Step 4: Create a controller to handle the callback from the OAuth provider Create a class called OAuth2LoginCallbackController to handle the callback from the OAuth provider. This controller will receive the authorization code, exchange it for an access token, and authenticate the user. Here’s an example:
import org.springframework.security.core.Authentication;
import org.springframework.security.core.context.SecurityContextHolder;
import org.springframework.stereotype.Controller;
import org.springframework.web.bind.annotation.GetMapping;
import org.springframework.web.bind.annotation.RequestParam;
@Controller
public class OAuth2LoginCallbackController {
@GetMapping("/login/oauth2/code/google")
public String handleGoogleCallback(@RequestParam("code") String code, Authentication authentication) {
// Handle the OAuth provider callback
// Exchange the authorization code for an access token
// Authenticate the user
// Redirect the user to the desired endpoint
return "redirect:/home";
}
}
In this example, the handleGoogleCallback method handles the callback from the Google OAuth provider. You can customize this method to perform the necessary steps to exchange the authorization code for an access token, authenticate the user, and redirect them to the desired endpoint.

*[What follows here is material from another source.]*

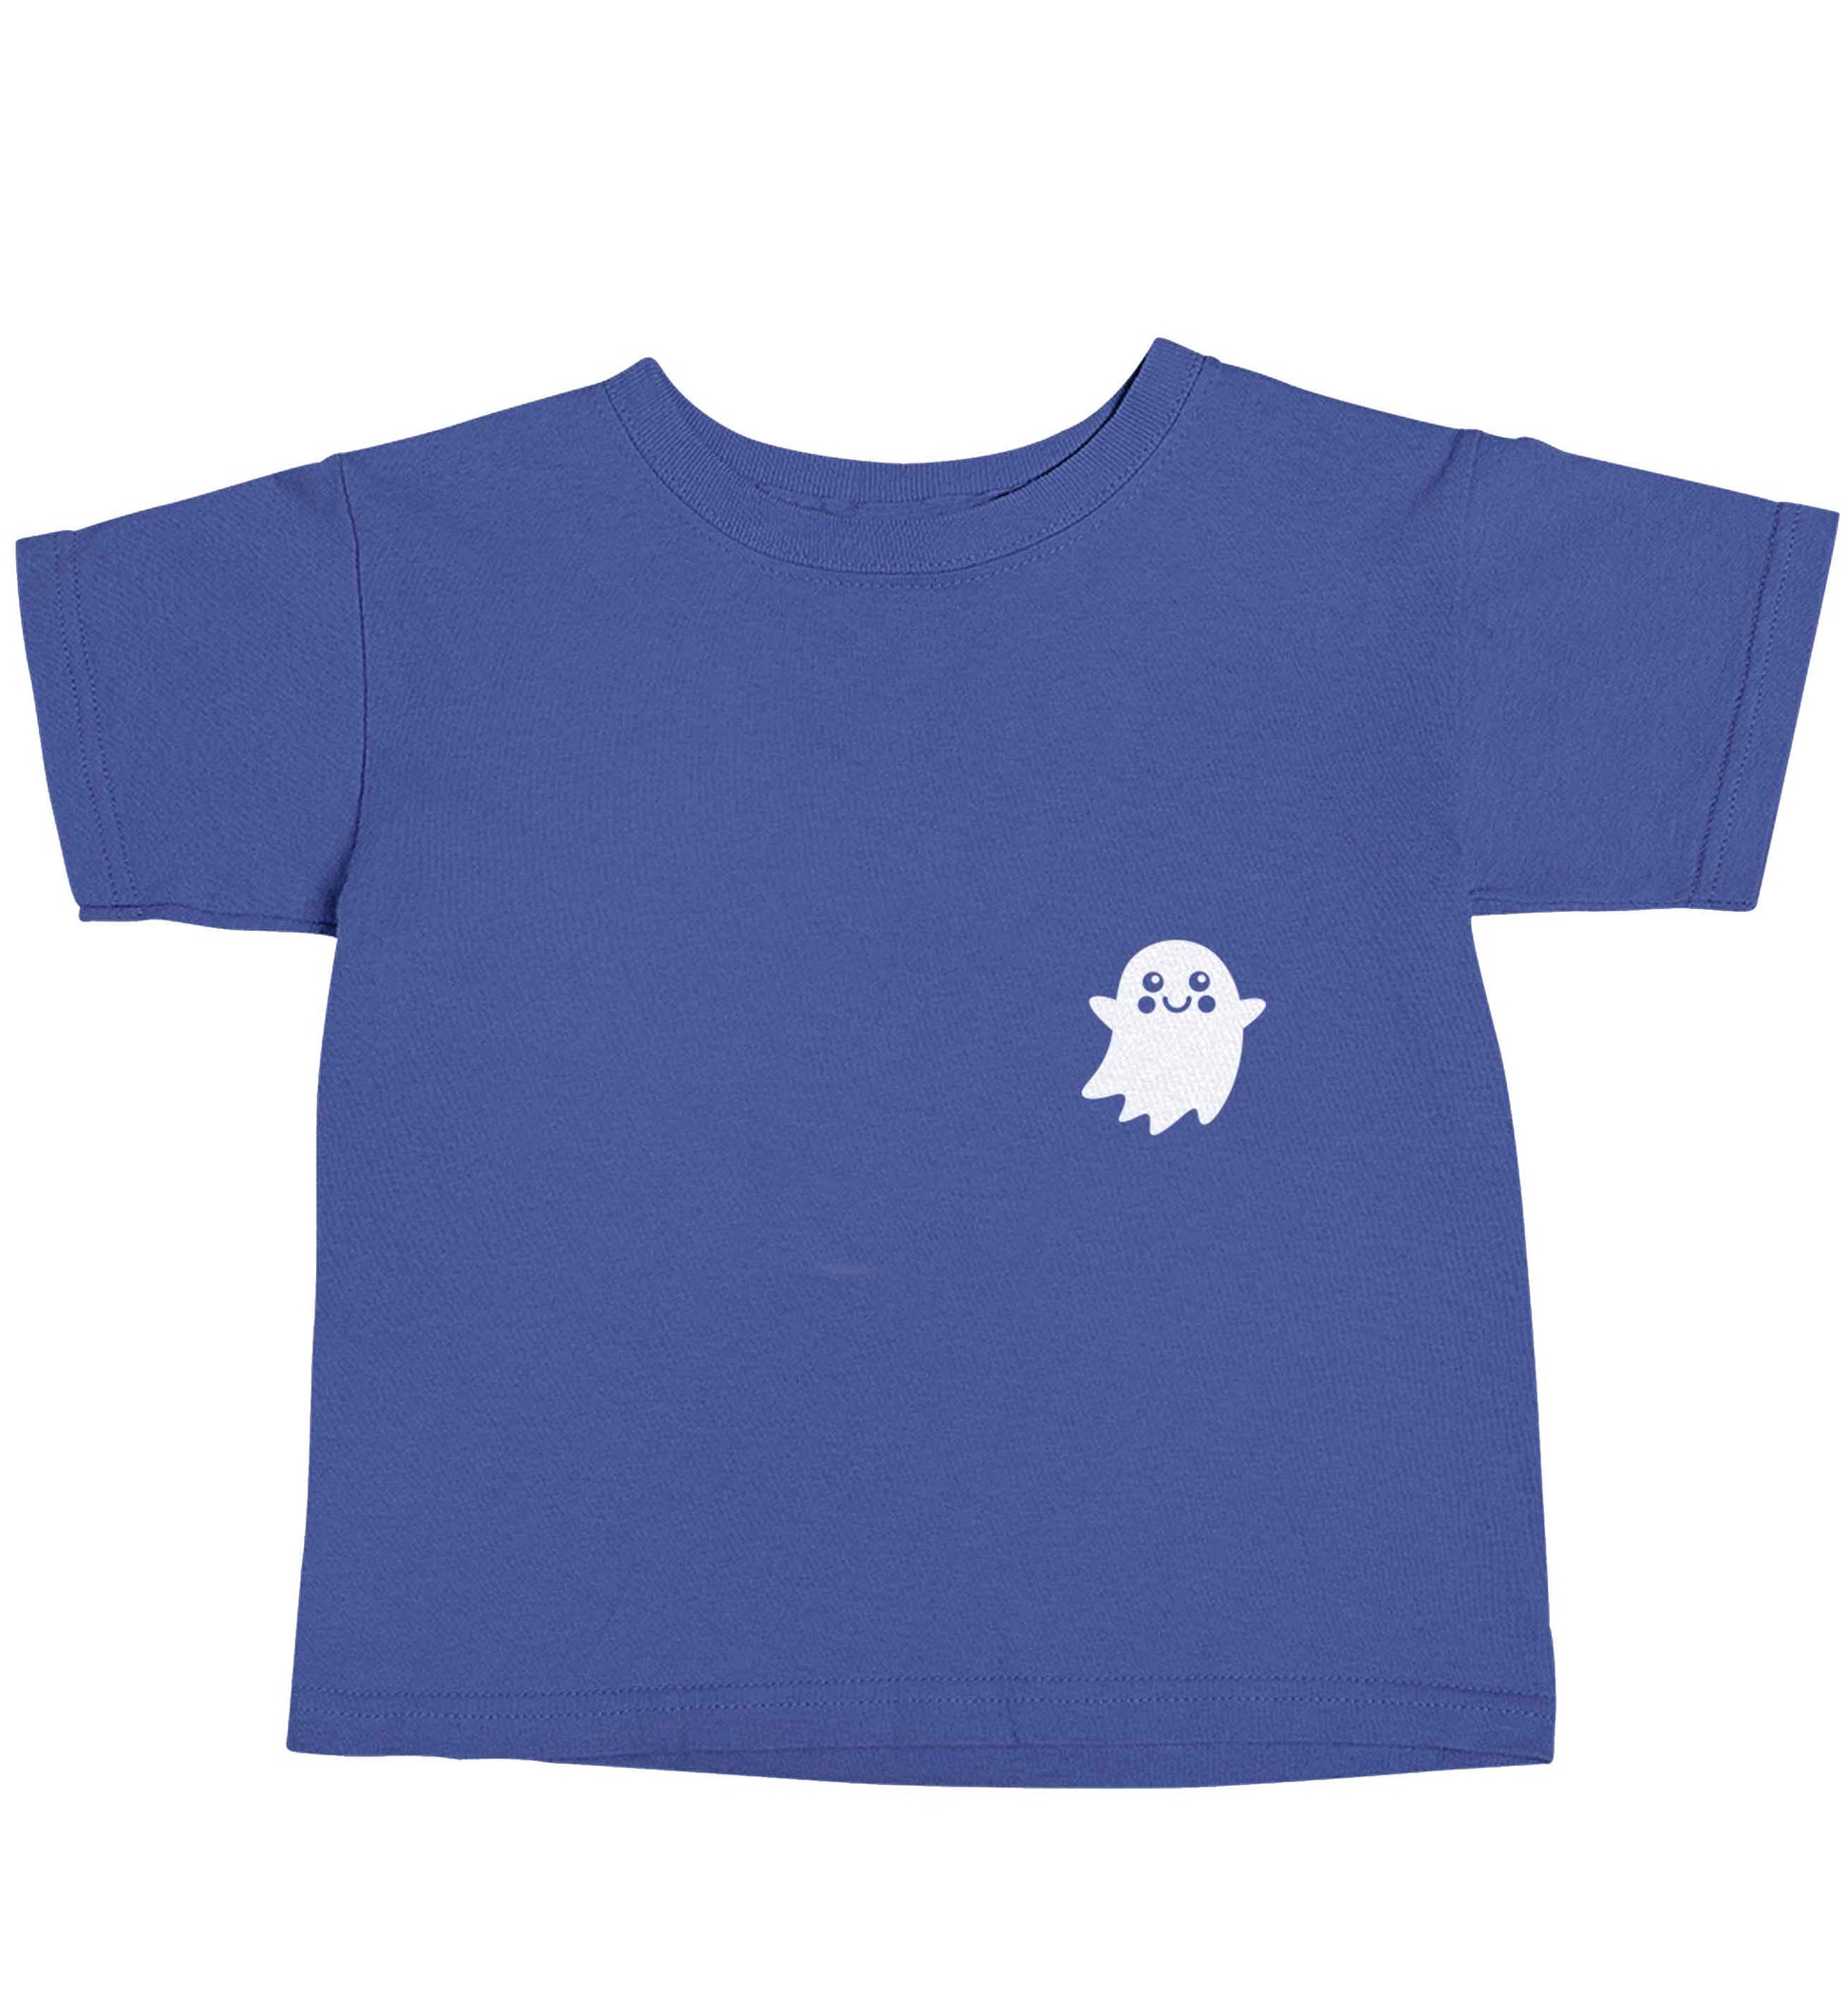 Pocket ghost blue baby toddler Tshirt 2 Years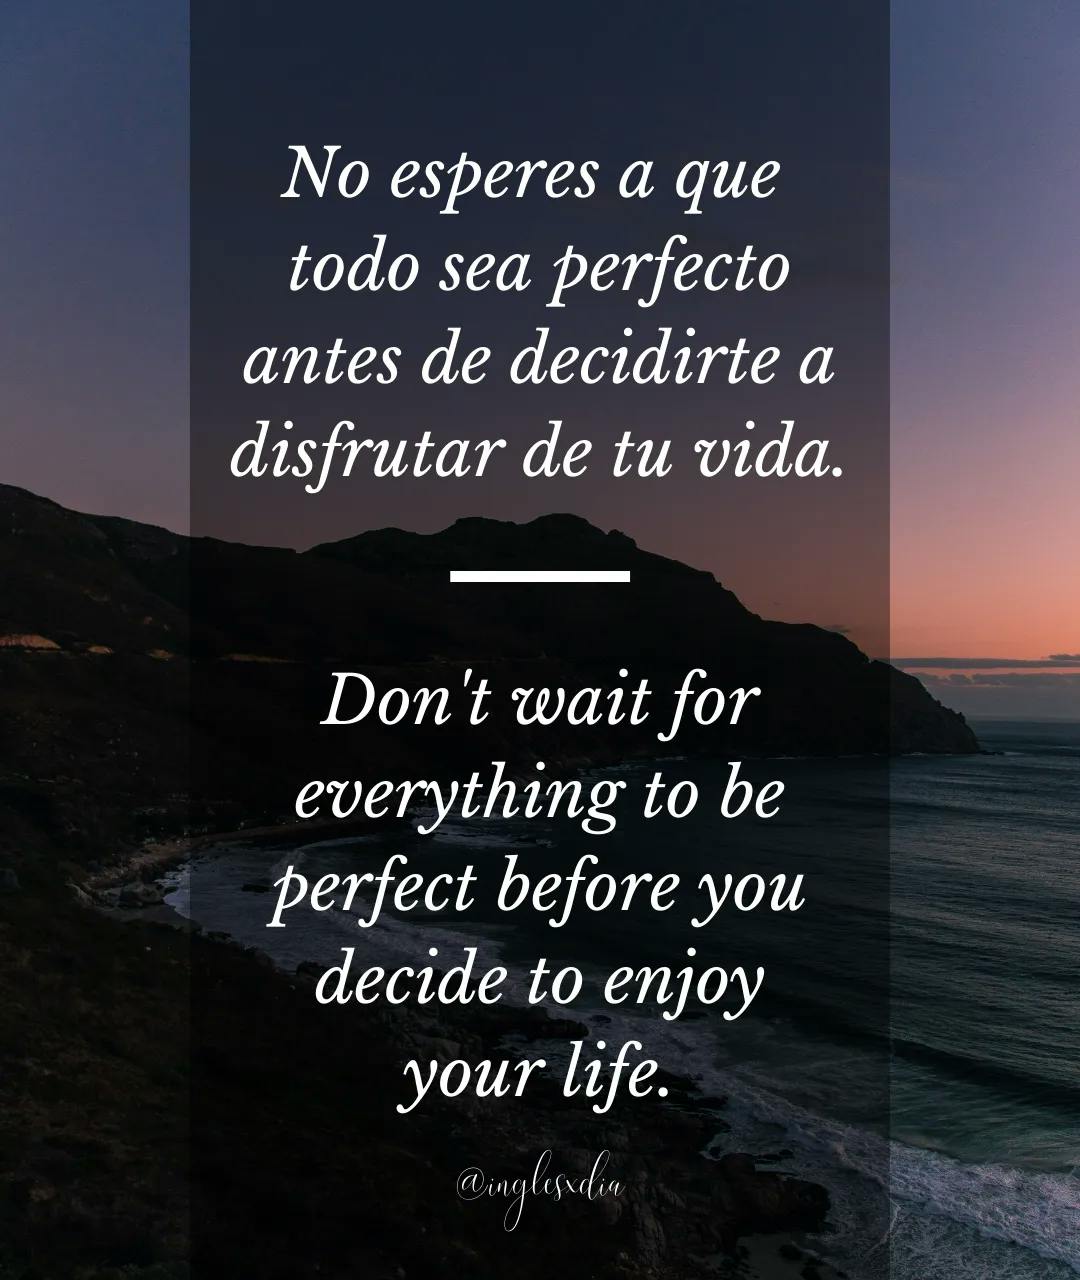 Frases motivadoras en inglés: Don't wait for everything to be perfect before you decide to enjoy your life.

Step 5: Customize the OAuth 2.0 provider configuration If you want to use an OAuth 2.0 provider other than Google, you can customize the provider configuration. Create a class called OAuth2ProviderConfig and implement the ClientRegistrationRepository interface. Here’s an example for Google as the provider:
import org.springframework.security.oauth2.client.registration.ClientRegistration;
import org.springframework.security.oauth2.client.registration.ClientRegistrationRepository;
import org.springframework.stereotype.Component;
@Component
public class OAuth2ProviderConfig implements ClientRegistrationRepository {
private final ClientRegistration googleClientRegistration;
public OAuth2ProviderConfig() {
this.googleClientRegistration = CustomOAuthProviderBuilder.google().build();
}
@Override
public ClientRegistration findByRegistrationId(String registrationId) {
if (registrationId.equals("google")) {
return googleClientRegistration;
}
return null;
}
}
In this example, the OAuth2ProviderConfig class implements the ClientRegistrationRepository interface and provides the Google client registration.
Please note that this is a basic example, and you may need to customize it further based on your specific requirements, such as handling token storage, integrating with a user database, and configuring additional OAuth 2.0 providers.